There the networks could easily enter into syndication deals containing stipulations that protect network interests. For example, says Schwartzman, the network peddling a show into syndication could make it more financially lucrative for the "independent company" involved by attaching the condition that the show not be slotted at 11:30 opposite Johnny Carson, or whatever show the network wanted to protect.
That would be one way for the networks to suppress the audience-drawing powers of hit programs once they find their way to the independent stations. The networks would waste no time in finding others.

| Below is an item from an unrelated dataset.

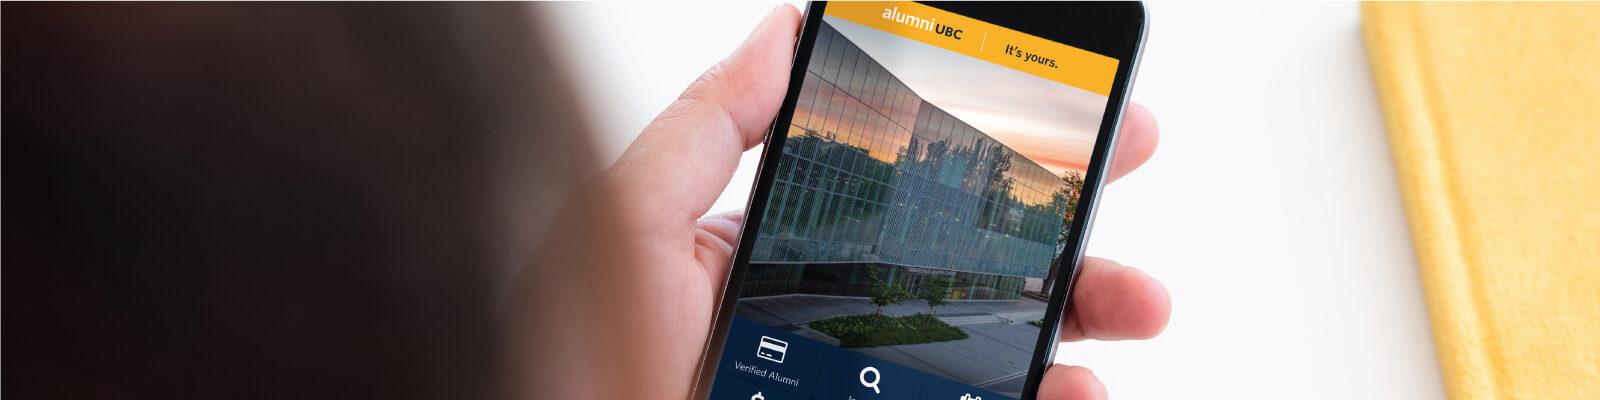 Alumni App image

Schwartzman says, "Fowler is a narrow-minded ideologue, constitutionally incapable of seeing The Big Picture and blind to the needs and interests of those who do not have the dollars to vote in his marketplace."
Fowler may be just as dangerous as James Watt, but the public hasn't heard of him, partly because the battle over the financial interest and syndication rules is one that has not been touched by network news. Don't look for it on tonight's newscasts, either.
If Watt would sell away public lands to private exploitation, Fowler would give away the airwaves, by law the property of the public, to some of the biggest businesses in the country. Future generations will look back on Fowler's reign at the FCC the way we now look back on the Dark Ages. At the commission, these are.